The GC-MS based isotopic abundance ratio analysis of the treated sample was calculated compared to the control sample. P_M, P_M+1, and P_M+2 for cholecalciferol near m/z 385, 386, and 387, respectively of the control and treated samples, which were obtained from the observed relative peak intensities of [M⁺], [(M+1)⁺], and [(M+2)⁺] peaks, respectively in the mass spectra. The isotopic abundance ratio of P_M+1/P_M and P_M+2/P_M in the treated cholecalciferol was significantly increased by 66.39% and 62.69%, respectively compared to the control sample (Table 2). Therefore, the¹³C, ²H, ¹⁷O and 18O contributions from C₂₇H₄₄O⁺ to m/z 386 and 387 in the treated cholecalciferol were significantly increased compared with the control sample. Figure 5.
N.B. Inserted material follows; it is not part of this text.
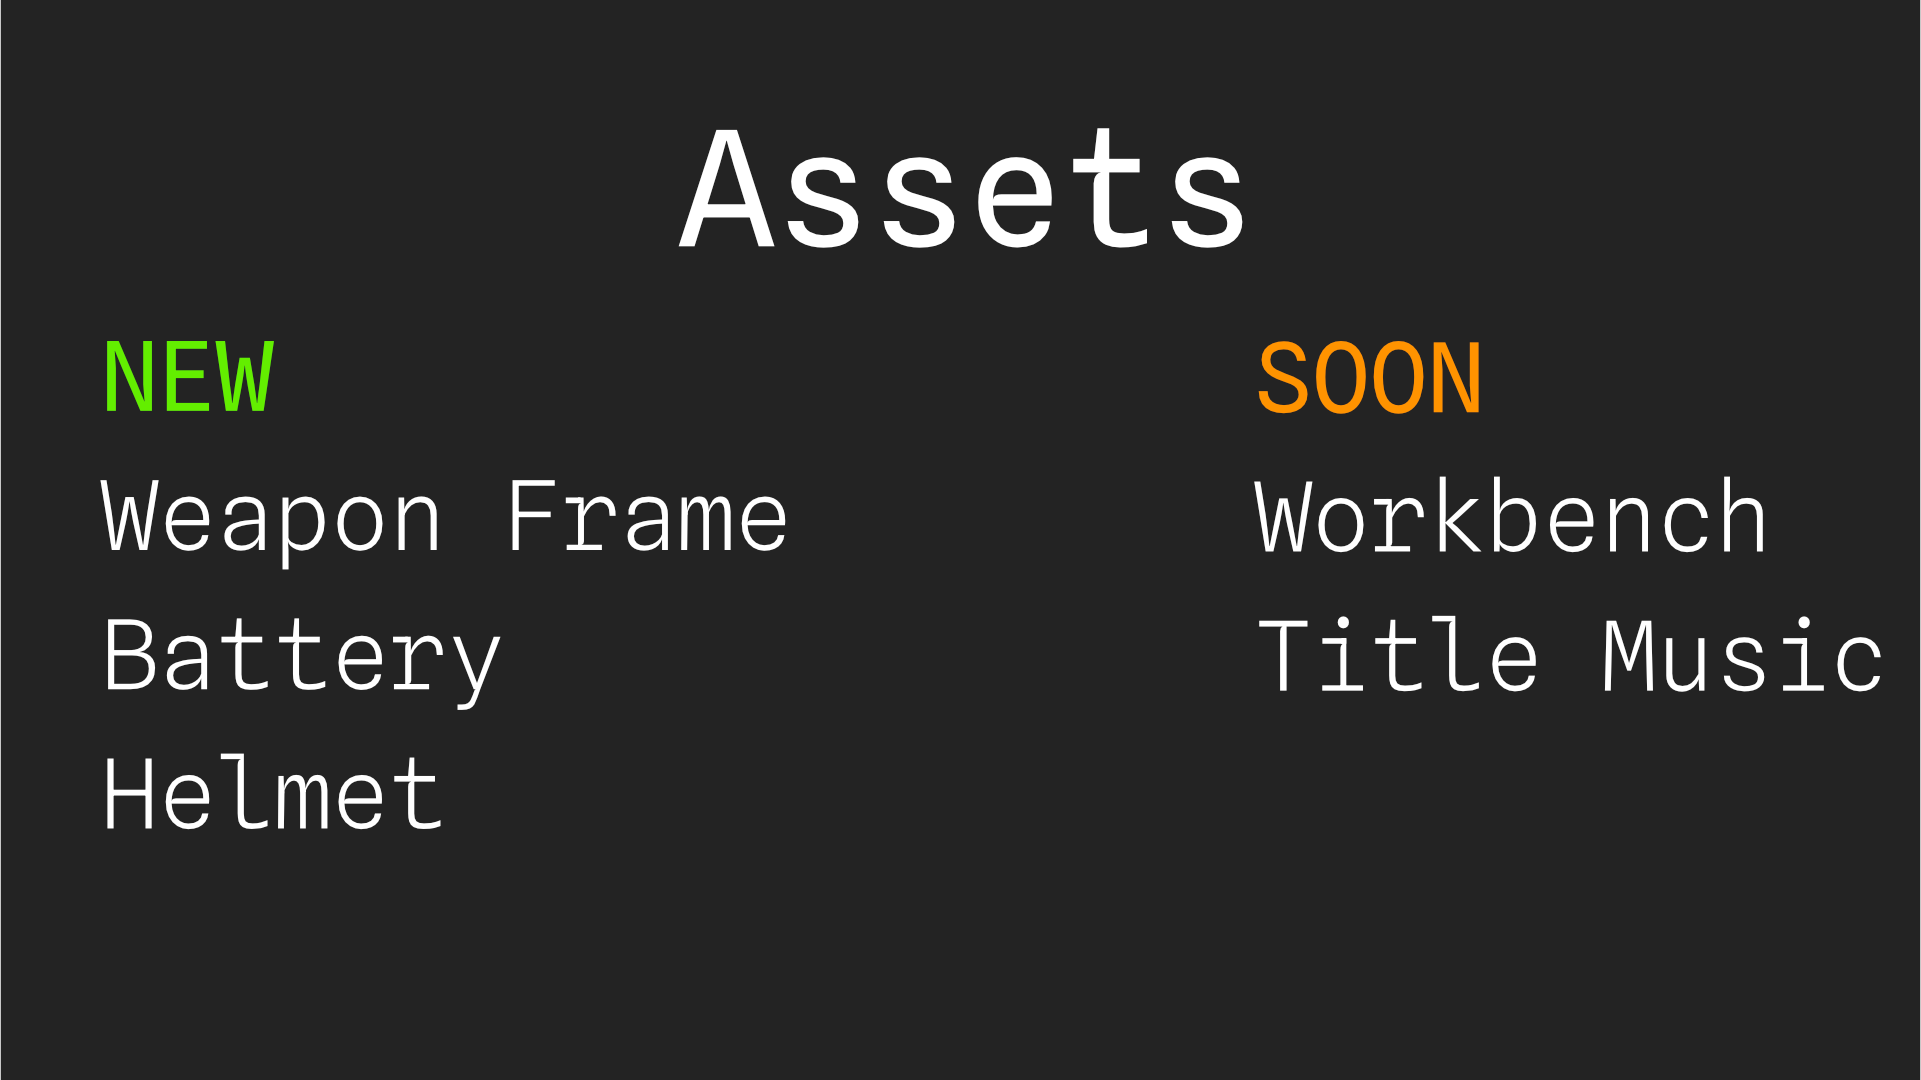 Asset Updates
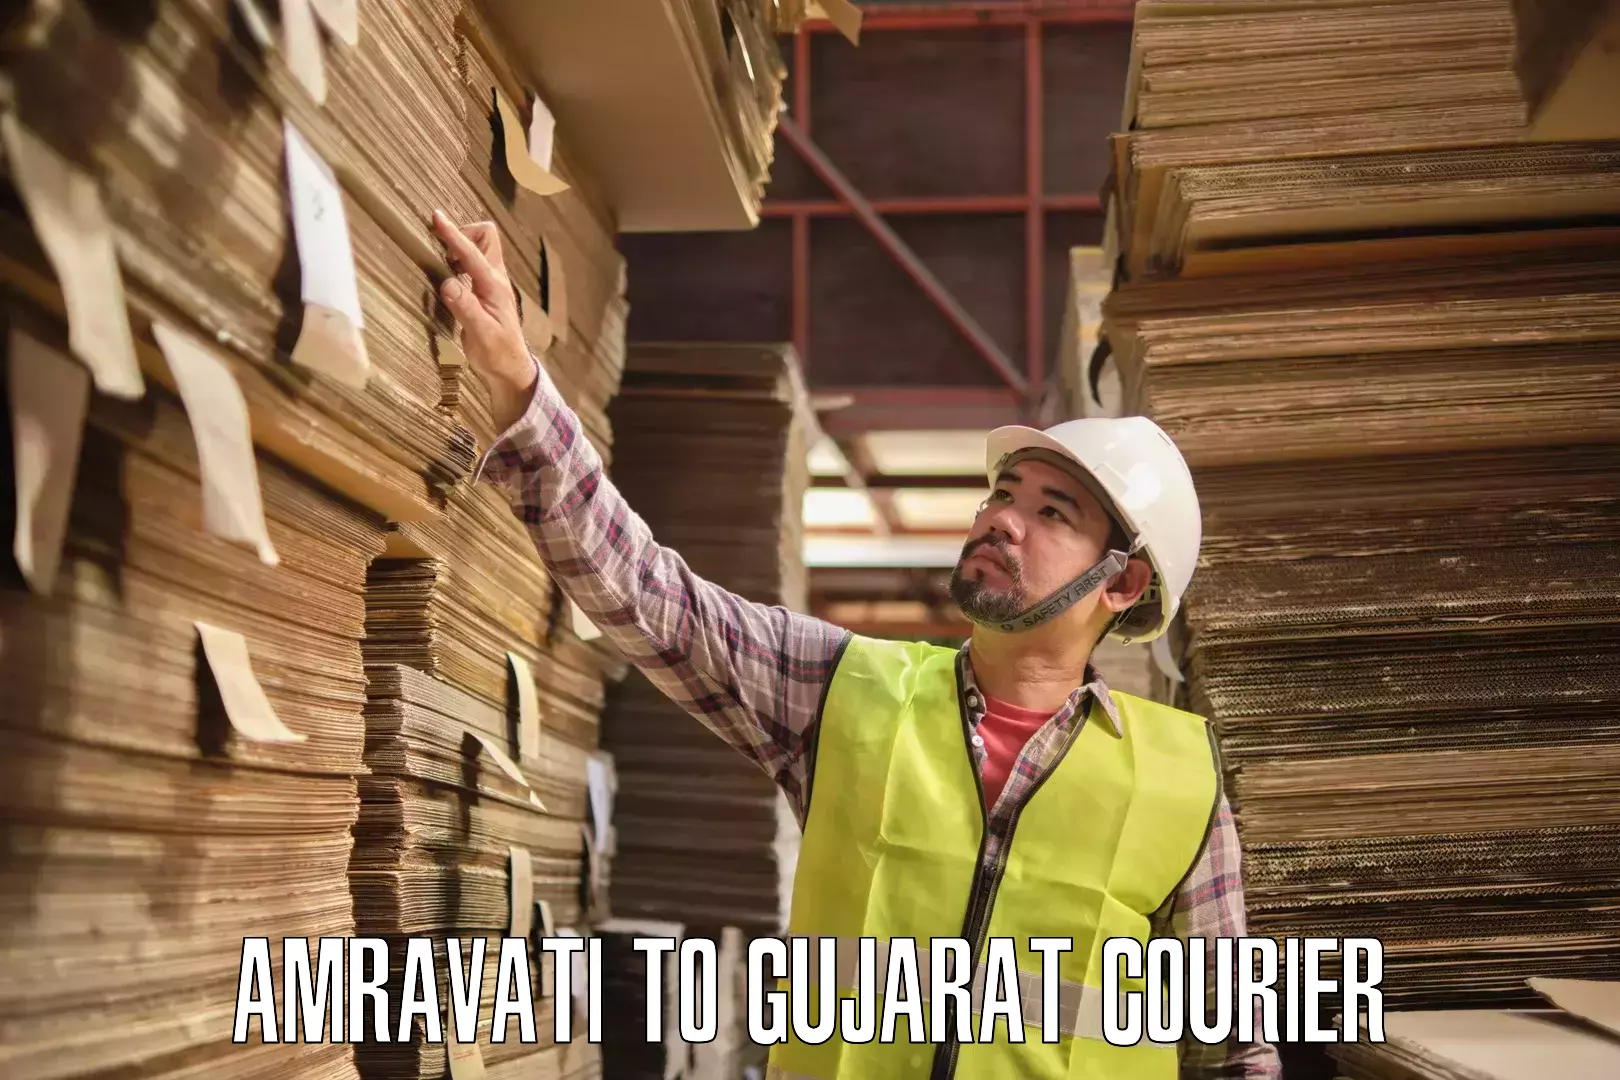 Fast-track shipping solutions Amravati to Gandhinagar

LC-MS and GC-MS study confirmed the structure of cholecalciferol. The isotopic abundance ratios of P_M+1/P_M (²H/¹H or ¹³C/¹²C or ¹⁷O/¹⁶O) and P_M+2/P_M (¹⁸O/¹⁶O) in the treated cholecalciferol were significantly increased compared to the control sample. The altered isotopic composition of the Trivedi Effect^®-Consciousness Energy Healing Treated cholecalciferol might have altered the neutron to proton ratio in the nucleus via the possible mediation of neutrino 15. Neutrino is a subatomic particle but has no electrical charge and a very small mass. These are one of the most abundant particles in the universe. The neutrinos have the ability to interact with protons and neutrons in the nucleus, which might have a close relation between neutrino and the isotope formation 153435. The isotopic abundance ratios ²H/¹H or ¹³C/¹²C or ¹⁷O/¹⁶O or ¹⁸O/¹⁶O would influence the atomic bond vibration of treated cholecalciferol 42. The increased isotopic abundance ratio of the treated cholecalciferol may increase the intra-atomic bond strength, increase its stability. The Biofield EnergyTreated cholecalciferol would be more stable and suitable for the prevention and treatment of various diseases such as vitamin D deficiency, rickets, osteoporosis, arthritis, multiple sclerosis, cancer, diabetes mellitus, mental disorders, cardiovascular diseases, hypertension, infections, influenza, cognitive impairment in older adults, Parkinson’s and Alzheimer’s diseases, autoimmune disease, dementia, glucose intolerance, multiple sclerosis, etc.